Bir gerilla dağlara sevdalıdır, nefesi dağda olduğu müddetçe solur ancak. Kendisi ile ilk tanışanlar onu 80’li yılların gerillası sanır ki bu, onun duruşu ve katılımının yansıttığıdır. Yılların öfkesini biriktirmiş olan Alişer yoldaş dağlara kavuşmasıyla beraber adeta sürgünlüğün intikam yemini etmişçesine sarılarak yaşamda her an biraz daha büyütür sevdasını. Yemini, sevdasıdır fedainin. Öyle ki bu onu hep moralli kılar; hiç bir şeyin onun moralini bozamaması ve sürekli esprileriyle neşe kaynağı olması, kendisiyle beraber bulunduğu ortama ve yoldaşlarına da aynı morali aşılama çabasıdır. Sorunlar karşısındaki güçlü ve moralli duruşu ile yarattığı direngenliği yoldaşlık ilişkilerini de aynı temelde güçlendirmiştir.

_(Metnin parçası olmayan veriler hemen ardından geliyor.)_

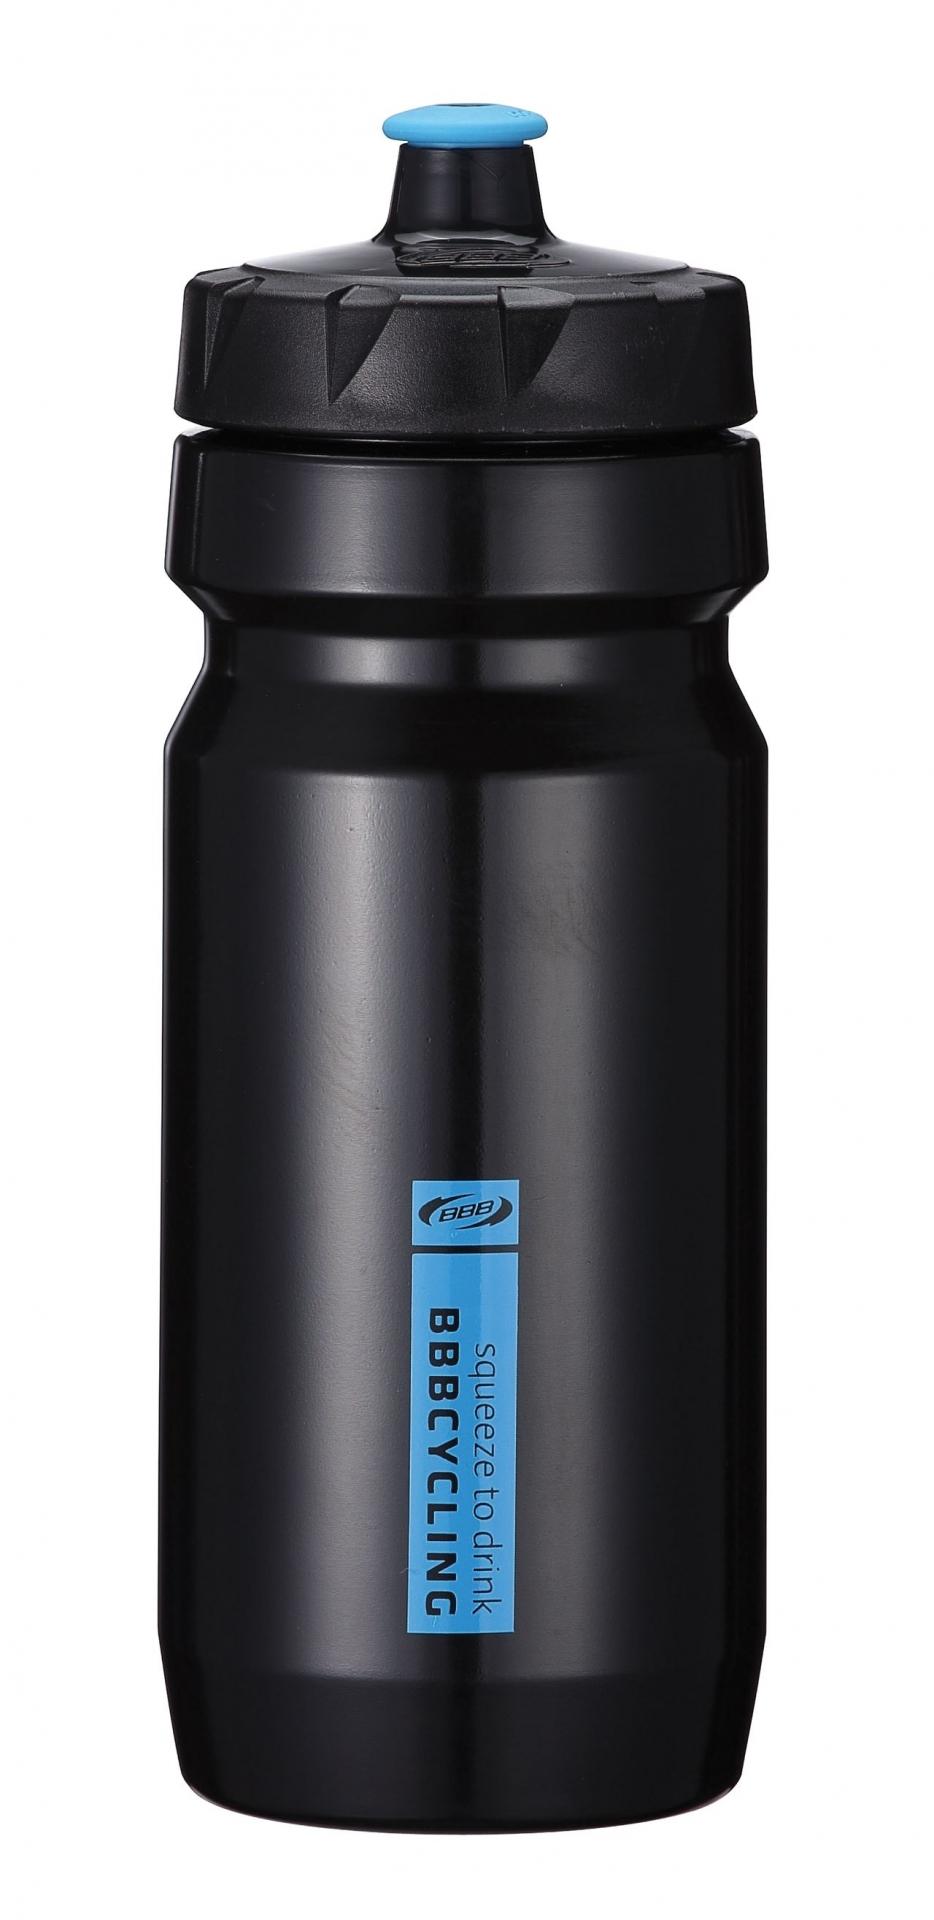 Bidon BBB CompTank 550 ml Noir/Bleu - BWB-01

Fedailik amansız adanmışlıktır

Fedai, hakikatin yolunda aşkın arayışçısı kılar benliğini ve büyük sevda ile yol alır. Aynı sevdaya baş koyanlar, aynı aşkı arayan, aynı aşkı paylaşanlardır. Fedailiği resmeden her yürek, yoldaşlığı resmedendir. Aşka emek vermektir, yoldaşa emek vermek. Yoldaşlığa, yaşama, partiye emeğiyle bağlıydı Alişer yoldaş. Emeği yalnız pratik işler boyutuyla öne çıkmazdı Alişer yoldaşın. Çünkü emeği sınırlandırmazdı. Yoldaşına, yoldaşlığa ve partiye hizmet etmek onun için tutku düzeyine ulaşmıştı ki her yönüyle emek ve çaba savaşımı içerisindeydi. Yoldaşa hizmet etmek bir sevgiydi onun gözünde ve sevgisini büyütüyordu yoldaşlık göreviyle. Kimi an gelmiştir ki; yanında rahatsızlanan, hastalanan yoldaşlarına ancak bir annenin gösterebileceği ilgi ve şefkati gösterirdi. Sevgisi de öyle bir temizlik ve bağlılık üzerineydi.

Amed’e büyük sevgisi olan Alişer yoldaşın bütün gündemi ve istemi de Amed’e gitme temeli üzerinedir. Bir an önce en zor koşullarda gerillacılık yapma istemini arttırıyordu; hızlı savaş sahasına geçerek, hızlı pratikleşmenin heyecanını taşıyordu her zaman.

Önderliğe yönelik gerçekleştirilen tecridin kendisinde yarattığı duygu ve öfke yoğunluğu kendisini çok zorluyordu. Önderliğe de aynı hızda, bir an önce cevap olmak istiyordu ve bu cevabın ancak fedaileşmek ile gerçekleşebileceğine olan inancı ile yönünü Amede verdi. 2015 yılında Amed’e giderek Öz Yönetim direnişlerinin öncüsü ve en iddialı eylemcisi olarak yola koyulur. Şehir direnişlerinin eylemcisi, örgütleyicisi ve en iddialı komutanı olarak herkesin hafızasında yer edinir. Alişer yoldaş demokratik ulus inşasına aşkla bağlı bir halk öncüsü idi.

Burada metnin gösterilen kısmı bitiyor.